Мозг Машины
Хинтон ранние попытки репликация мозга были ограничены. Компьютеры могут запускать свои алгоритмы обучения на малых нейронных сетей, но масштабирования модели быстро переполняют процессоров. В 2005 году, Hinton обнаружил, что если он разрезала его нейронных сетей в слои и побежал алгоритмы на них один слой, который приближает мозга структуры и развития, процесс стал более эффективным.
Хотя Hinton опубликовал свое открытие в два топ-журналах, нейронных сетей уже впал в немилость, и “он боролся за то, чтобы заинтересовать людей”, сказал ли Дэн, ведущий исследователь Microsoft Research в штате Вашингтон. Дэн, однако, знал, Хинтона и решил дать своему “глубокого изучения” способ попробовать в 2009 году, быстро увидев ее потенциал. В годы с тех пор, теоретические алгоритмы обучения были практическом использовании в растущего числа приложений, таких как Google Теперь личный помощник и голос функция поиска по Microsoft Windows phones.
Одним из наиболее перспективных из этих алгоритмов, машина Больцмана, носит имя 19-го века австрийский физик Людвиг Больцман, кто разработано отраслевое физики дело с большим количеством частиц, известных как статистическая механика. Больцмана открыл уравнение, давая вероятность газовых молекул, имеющих особую энергию, когда она достигает равновесия. Заменить молекул с нейронами, и машина Больцмана, как он стреляет, сходится в точности одно и то же уравнение.
Синапсы в сети начинаются со случайным распределением весов и гирь постепенно переделаны согласно удивительно простая процедура: нейронных импульсов шаблон, который создается во время машина кормят данных (таких как изображения или звуки) по сравнению со случайной стрельбы деятельность, которая происходит в момент, когда отключается.

Кейт Пеннер
Джеффри Hinton, пионером в области искусственного интеллекта, считает, что лучший подход к пониманию того, как мозги учиться, чтобы попытаться создать компьютеры, которые учатся точно так же. “Вы неизбежно обнаружите много нового о вычислительные проблемы, и вы обнаружите их на уровень понимания того, что психологи не имеют”, - сказал он.
Каждый виртуальный СИНАПС треков оба набора статистических данных. Если нейроны она соединяет огонь близко друг к другу чаще, движимый данных, чем когда они стреляют наугад, вес синапса, увеличивается на суммы, пропорциональной разности. Но если два нейронов чаще огонь вместе во время случайной стрельбы, чем управляемые данными стрельбы, СИНАПС, соединяя их слишком густой, и, соответственно, ослабевает.

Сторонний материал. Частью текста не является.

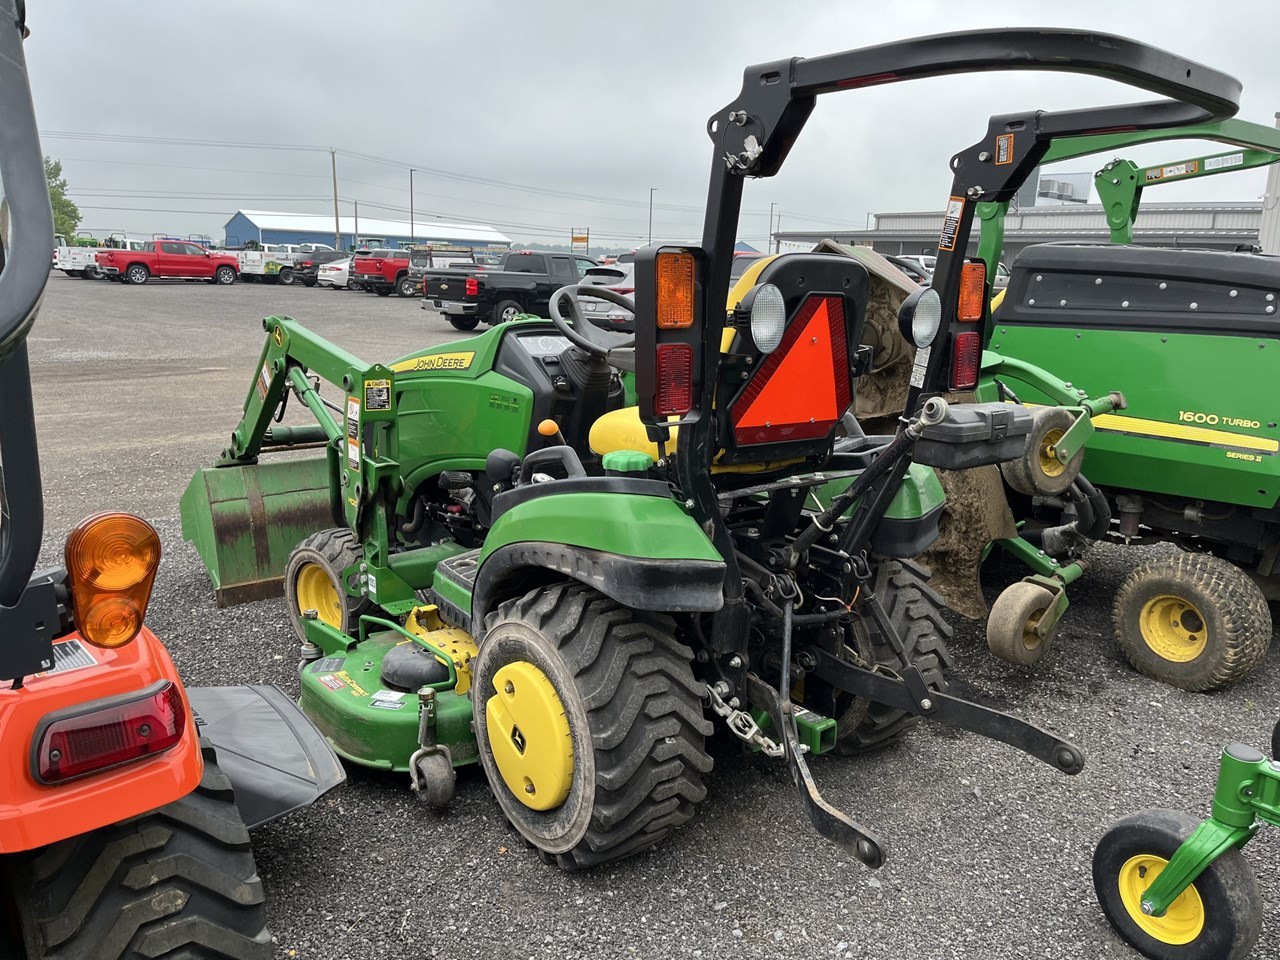 2014 John Deere 1025R Tractor - Compact Utility For Sale

Наиболее часто используемые версии Больцмана машина работает лучше всего, когда он “обучен”, или накормил тысячи примеров данных, один слой. Первый, самый нижний слой сети получает необработанные данные, представляющие пиксельные изображения или multitonal звуки, и, как сетчатки клеток, нейронов огонь, если они обнаруживают контрасты в их исправление данных, такие, как переход от светлого к темному. Стрельба может вызвать связанных нейронов тоже огонь, в зависимости от веса синапсов между ними. Как правило, пары виртуальных нейронов многократно по сравнению с фоне стрельбы статистические данные, значимые связи между нейронами на это, постепенно создаются и укрепляются. Веса синапсов оттачиваются, и изображение или звук категорий прочно вошла в соединениях. Каждый последующий слой обучены таким же образом, используя входные данные с уровня ниже.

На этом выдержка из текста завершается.